My system has been collecting huge amounts of file handles, including those used by crucial system files such as \SystemRoot\system32\ntoskrnl.exe and explorer.exe , which were utilizing over 10 million+ file handles. At one point, my system’s total number of file handles had reached approximately 70 million. That is when I decided to investigate further.
This issue has been ongoing for some time, but it hasn’t been a priority. I only investigated it recently. After looking into it, I discovered that the Nextcloud Desktop sync app might be the cause because closing the Nextcloud app appears to resolve the problem and prevent new handles from being added by other apps.
I think something fishy going on here with file handling.
I used Process Hacker and Process Explorer to check the number of handles on the processes. They both showed me total number of handles in the system per process.
I use the desktop app to sync some folders under a single account. There are around 40k files / 3k folders in the sync. I don’t use VFS.
It seems to me that one of the main culprit might be the Nextcloud explorer integration. I am not a Windows developer, so I could only go with the surface details.
I disabled all the explorer integrations, both in the app and in the context menus etc using ShellExView. I restarted the app and I don’t see a massive number of handles anymore. Bear in mind that this has been an issue for me for many weeks (maybe even more, that was when I saw the issue), I did many system restarts then. It is very suspicious that the issue would go away after I disabled all the explorer integrations, at least for now.
As I mentioned shutting down the desktop app stopped the issue right away, so that was the other clue.
My system now has around total of 110k+/- handles steady since I disabled the integrations. It goes up and down but it never goes up to millions as time goes by anymore.
I don’t have the exact same issue but I had problems with IO and other things because some apps complained that “too many files/handles” (like 70 million handle) were open.
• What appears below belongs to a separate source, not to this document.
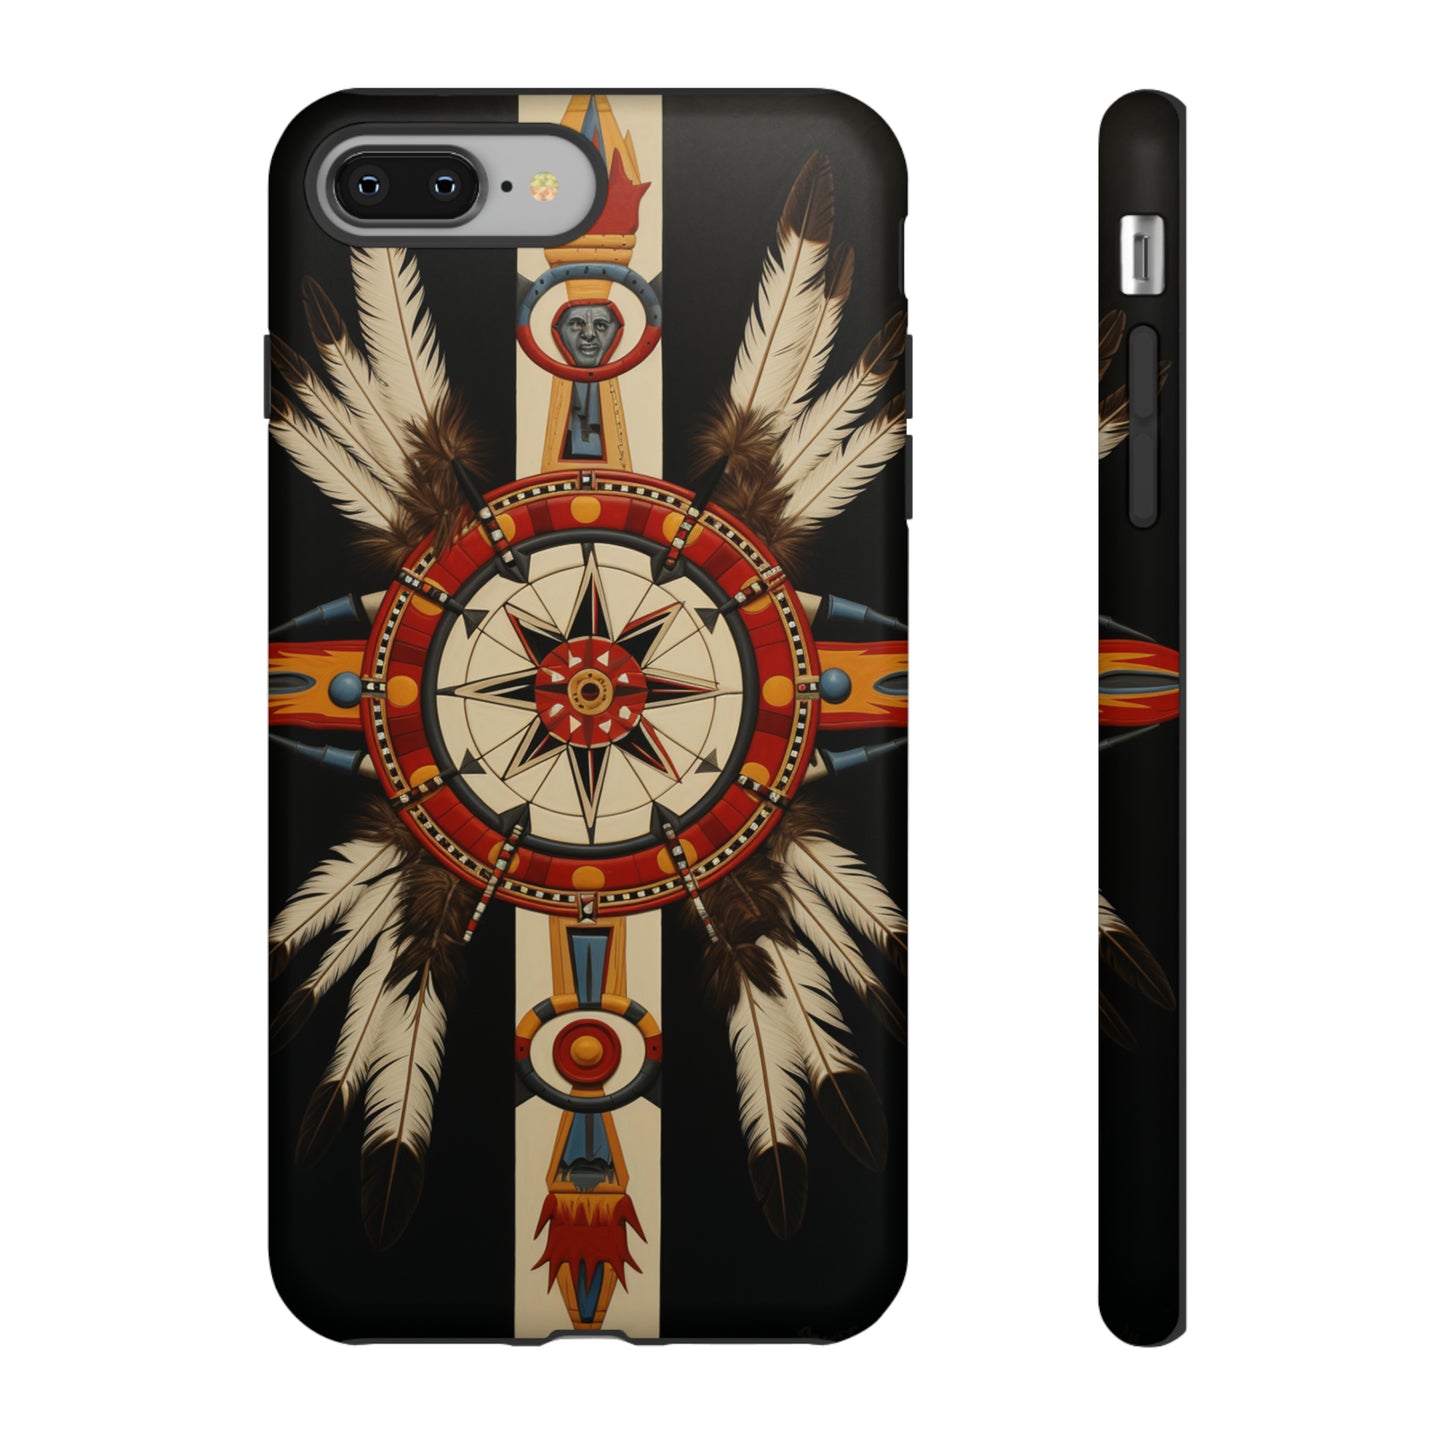 Indian medicine wheel phone cover for iPhone

One of my concerns was that the NC desktop app was opening files and closing them without releasing the file handles. I didn’t spend a lot of time investigating this issue since my main priority was to resolve the problem affecting system stability.
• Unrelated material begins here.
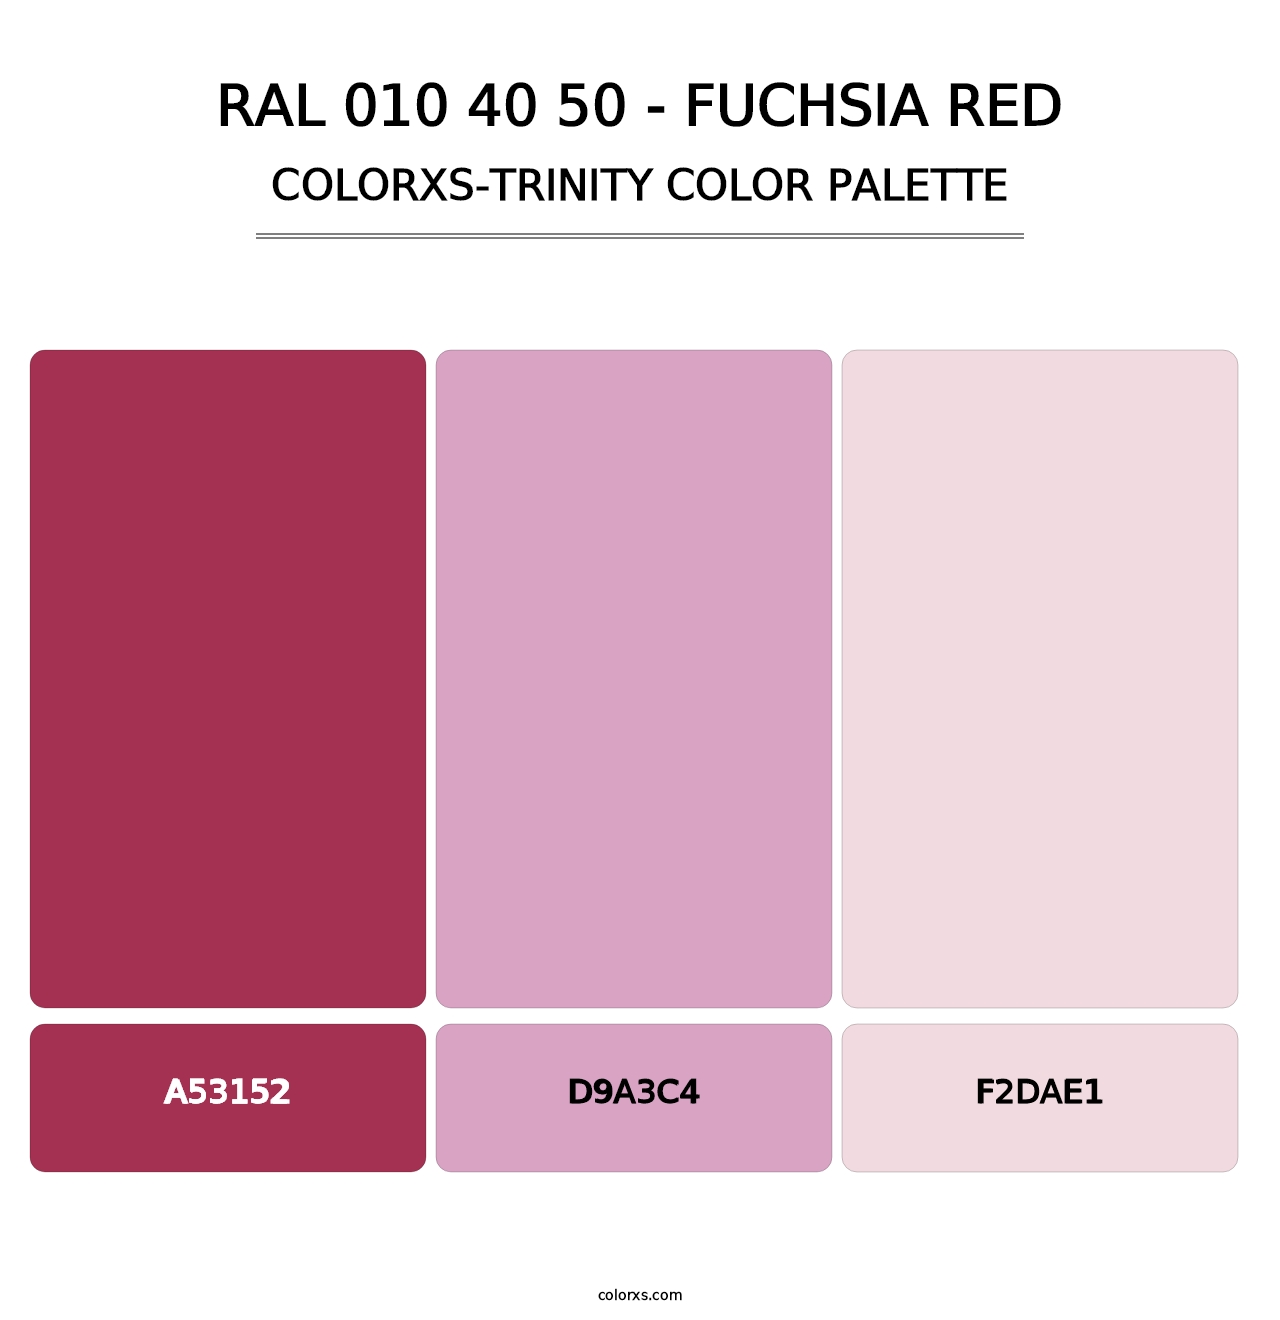 RAL 010 40 50 - Fuchsia Red - Colorxs Trinity Palette

What caught my attention, however, were the logs generated by the desktop app, which appeared very frequently in the system logs. The number of active file handles tended to increase at a rate of roughly 5 handles per second, particularly by Explorer.exe. This rapid accumulation of file handles would add up to nearly half a million handles over the course of just one day which explains why at some point my system was getting close to 70 million open handles.